There are also a few other factors which can influence more complex splits. Of these, the most prominent is number. For instance, Arabana shows a system in which non-singular pronouns take accusative marking, singular pronouns and proper nouns take tripartite marking, and common nouns take ergative marking. At first this would seem like a straightforward extension of the animacy hierarchy to go ‘plurals > pronouns > …’; however, Dixon suggests that it is invalid to place non-singular nouns on the animacy hierarchy, and that such systems are simply a result of the general typological principle that more morphological distinctions are made in the singular than in the plural. (Semantically, not placing non-singular nouns on the animacy hierarchy makes sense: plurals are no more or less animate than singulars, and thus cannot readily be placed on the animacy hierarchy.) This is supported by systems such as that of Kalaw Lagaw Ya; this system uses tripartite marking for singular pronouns, direct marking for dual pronouns, accusative marking for singular and dual names, ergative marking for common nouns, and direct marking for all plurals. This might be clearer as a table (adapted from Dixon):
|
names |
pronouns |
common nouns |
singular |
S=A, O different (accusative) |
A,S,O all different (tripartite) |
S=O, A different (ergative) |
dual |
S=A, O different (accusative) |
A=S=O (direct/neutral) |
S=O, A different (ergative) |
plural |
A=S=O |
A=S=O |
A=S=O |
Using a slightly different version of the animacy hierarchy, we might diagram this as follows:
(I did try to do a textual version using box-drawing characters like all the other diagrams, but it ended up being too confusing. The above diagram is instead a modified version of Figure 2 from McGregor’s Typology of Ergativity. I’m not too sure how long the image URL will last; please tell me if it disappears!)
This makes it clear that singular, dual and plural NPs are separate with regards to the animacy hierarchy. With singular NPs, accusative and ergative marking overlap to give an area of tripartite marking; with dual NPs, accusative and ergative marking don’t meet, giving an area of direct marking; and accusative and ergative marking completely disappear with plural NPs.
Of course, this comment about plural having less distinctions than singular is only a generalisation. For instance, the Gumbaynggir language uses ergative alignment for first person dual and second person singular, but tripartite alignment for first person singular and plural and second person dual and plural. Similarly, Yimas uses accusative alignment for first person dual, but tripartite alignment for first person singular and plural.
Besides number, another factor which can influence a split is definiteness. Generally, the further left an NP is on the animacy hierarchy, the more likely it is to be definite: pronouns and demonstratives are always definite, humans are usually definite, and inanimate NPs are usually indefinite. Due to this, definite NPs are usually associated with animacy and accusative alignment, while indefinite NPs are associated with inanimacy and ergative alignment. Although the correlation of definiteness with animacy seems to be well-known, there appear to be few languages which use it as a component of an animacy-based split; however, it seems that definiteness is often a component of splits involving differential case marking (Malchukov 2017; see below for more details on differential case marking).
Finally, remember that all these tendencies — related to the animacy hierarchy, number, definiteness — are just generalisations. For instance, Diyari uses a complex split between ergative, tripartite and accusative alignments where:
- Ergative alignment is used for male personal names and singular common nouns;
- Tripartite alignment is used for female personal names, non-singular common nouns, singular first and second person pronouns, and all third person pronouns;
- Accusative alignment is used for non-singular first and second person pronouns.

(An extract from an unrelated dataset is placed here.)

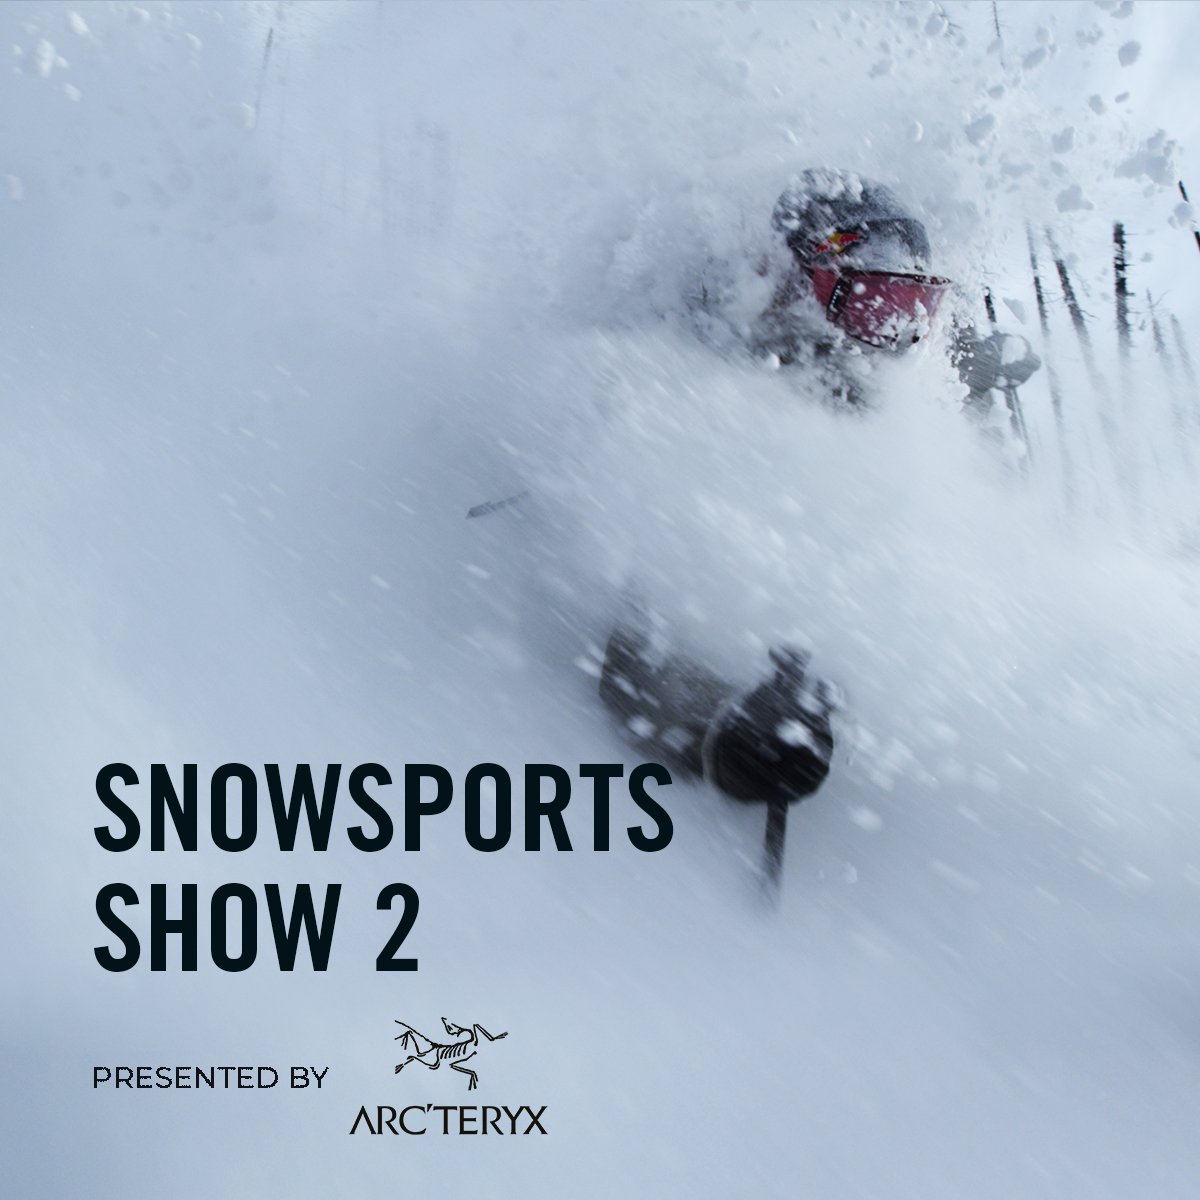 VIMFF Fall Series snowsports show arcteryx x

I suppose the lesson here is that, although the majority of languages work according to the animacy hierarchy and similar concepts, a split system can be just about arbitrarily complex (within reasonable limits, of course).
Bound-free splits
Earlier in this thread I mentioned that agreement and case-marking generally occur together only in specific ways. In particular, there is a universal:
if a language has accusative case-marking, then it cannot have any form of ergative verbal agreement. At the time, I stated that ‘However, a fuller discussion of the theory behind … why the universal above is true … will have to wait until split ergativity and the animacy hierarchy are discussed later; the discussion above is probably sufficient for now.’. But now that we know about these concepts, we can explain this universal!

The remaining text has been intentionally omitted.